Kooperatifin dış paydaşlarla yapacakları iş birliklerinin evrensel kooperatifçilik anlayışıyla uyumlu olması bir zorunluluk, bu zorunluluk yasal düzenlemeyle garanti altına alınabilir. Kooperatifçiliğin ekonomik ve sosyal hedeflerini bu evrensel ilkelerden sapmadan ve başka aktörlerin aracı olmadan gerçekleştirmeleri yasal, kurumsal ve sosyal desteklerle sağlanabilir. Bu sayede kooperatifçilik ilkelerini hayata geçirememiş, ölü doğmuş yapılar yerine ortaklarına fayda sağlayan ve paydaşlarıyla dengeli ilişkiler yürüten uzun soluklu kooperatifler kurmak mümkün olabilir.
Bu hafta yapılan yasa değişikliğini olumlu bir adım olarak görmek mümkün. Fakat bu adımın gerçek anlamda bir dönüşüm yaratması ve kooperatiflerin sosyal ve ekonomik kalkınmaya katkısını en üst düzeye taşıyabilmesi için ek düzenlemeler kaçınılmaz.
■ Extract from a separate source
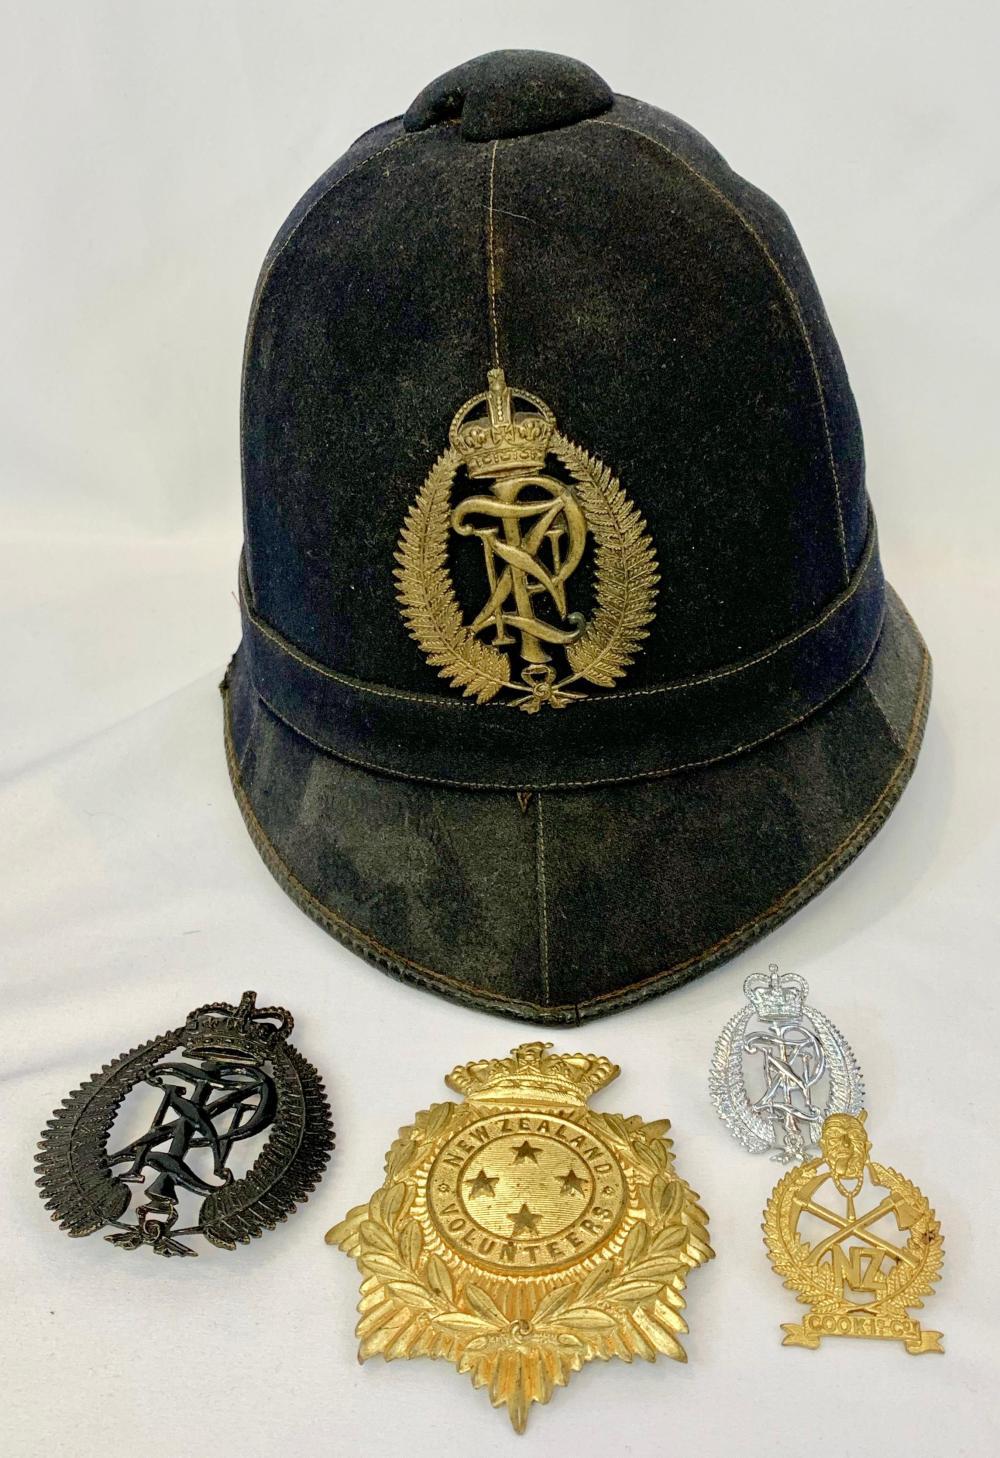 New Zealand Police Badges & Helmet

Bu düzenlemelerin ancak ve ancak kooperatiflerin ve ortaklarının, üst birliklerin, ilgili sivil toplum kuruluşlarının, bakanlık temsilcilerinin ve katkı sunacak tüm paydaşların katılımıyla yapılması gerektiği, kapsayıcı, demokratik ve şeffaf bir biçimde yürütülmesiyle gerçekleşeceği ise gözden kaçırılmamalıdır.